» **ENTRIES SHOWN**:

:::::

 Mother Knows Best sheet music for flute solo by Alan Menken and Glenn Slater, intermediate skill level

:::::

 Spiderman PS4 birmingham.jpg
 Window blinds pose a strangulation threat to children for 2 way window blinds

:::::

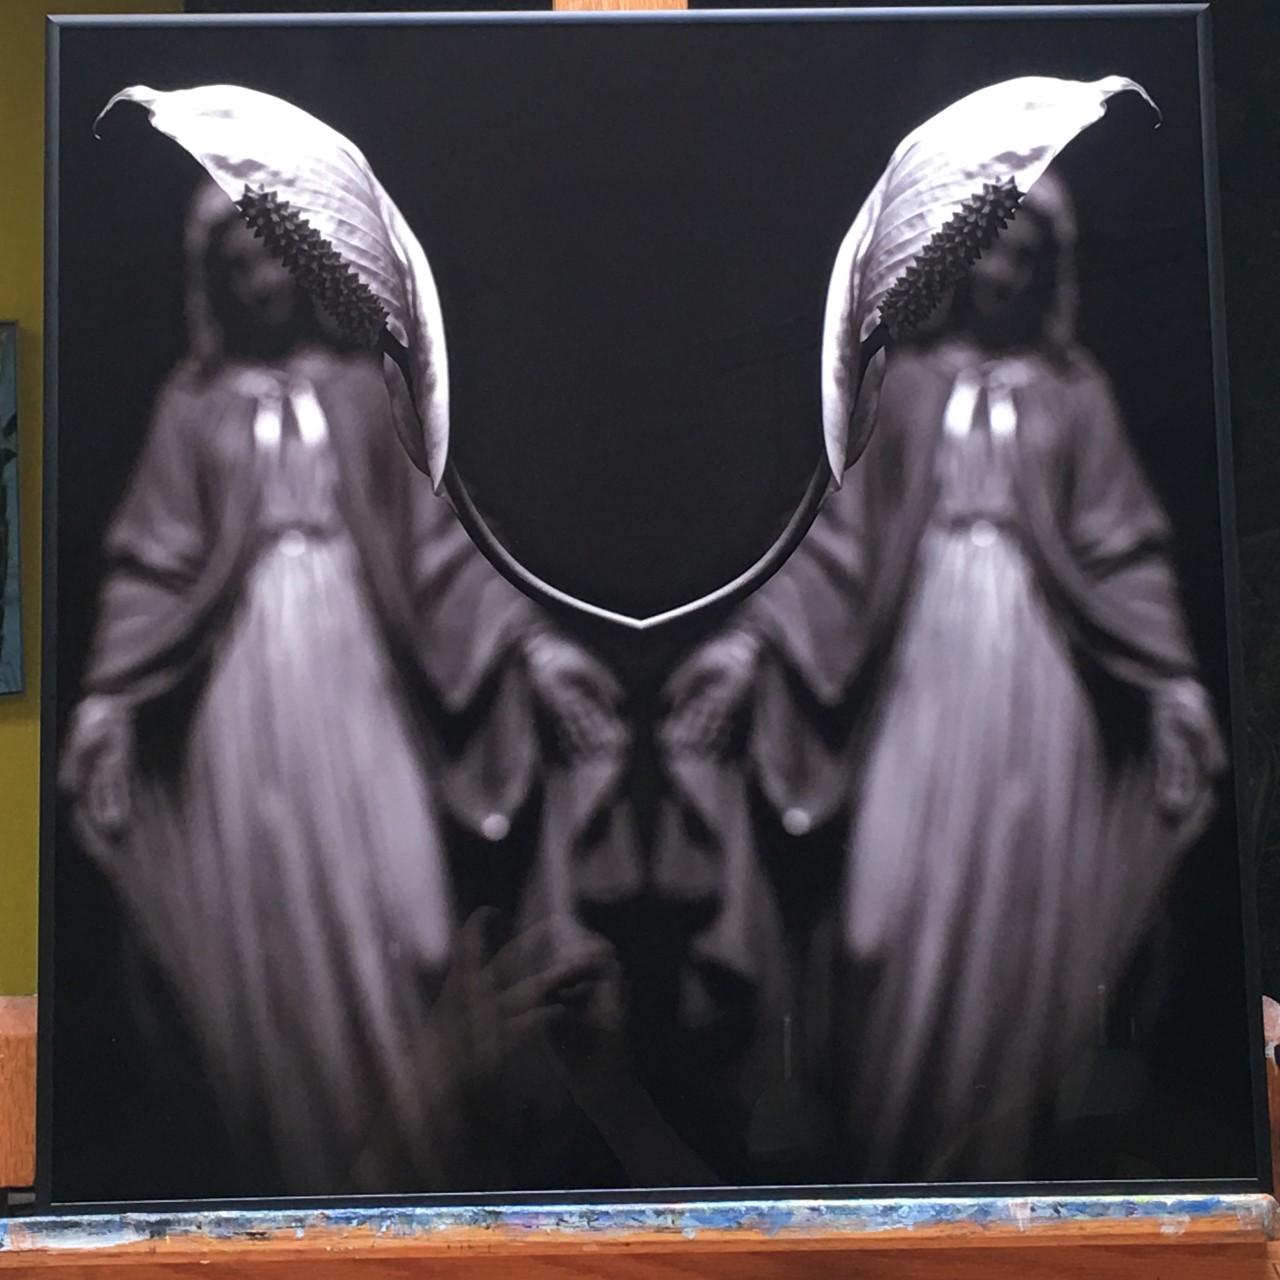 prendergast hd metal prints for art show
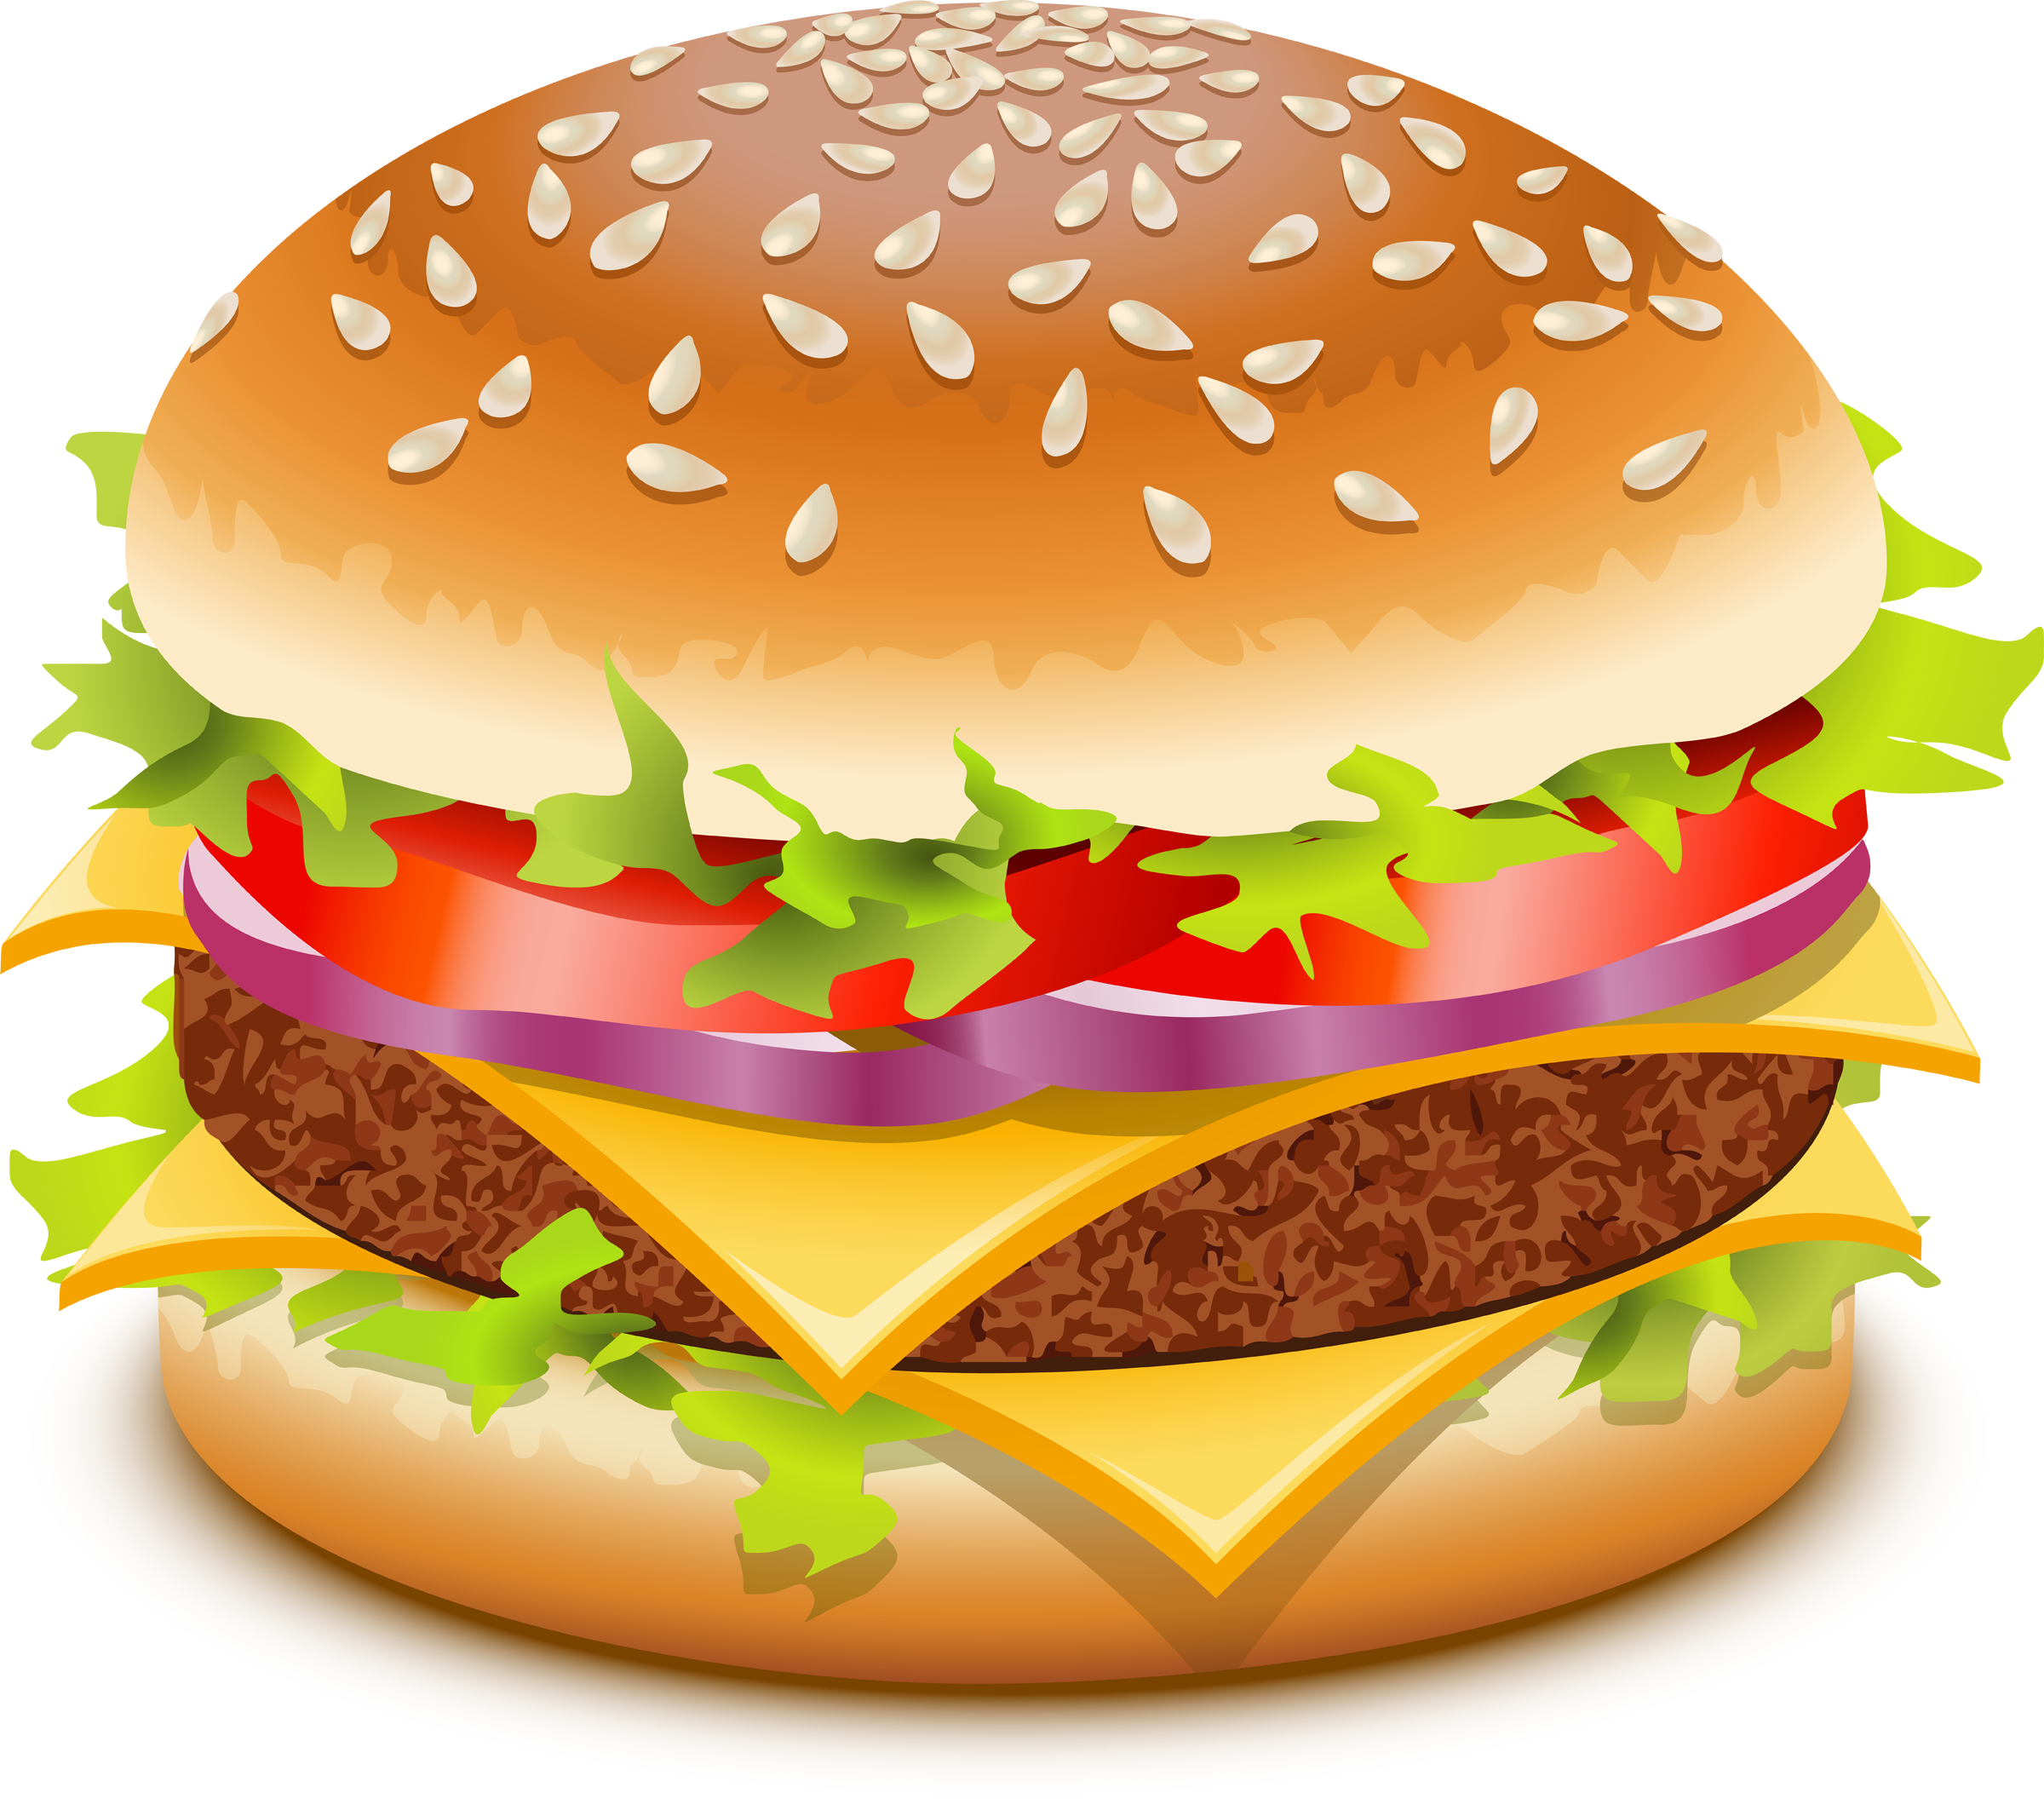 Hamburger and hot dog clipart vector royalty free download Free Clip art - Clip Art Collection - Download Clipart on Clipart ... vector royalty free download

:::::

» **WHAT YOU WILL DO**: Give back exactly the lines of the listing above from the one that contains "prendergast hd metal prints for art show" up to and including the one that contains "Hamburger and hot", but not the pictures, and no other lines.

» **ANSWER TO THIS TASK**:
 prendergast hd metal prints for art show
 Hamburger and hot dog clipart vector royalty free download Free Clip art - Clip Art Collection - Download Clipart on Clipart ... vector royalty free download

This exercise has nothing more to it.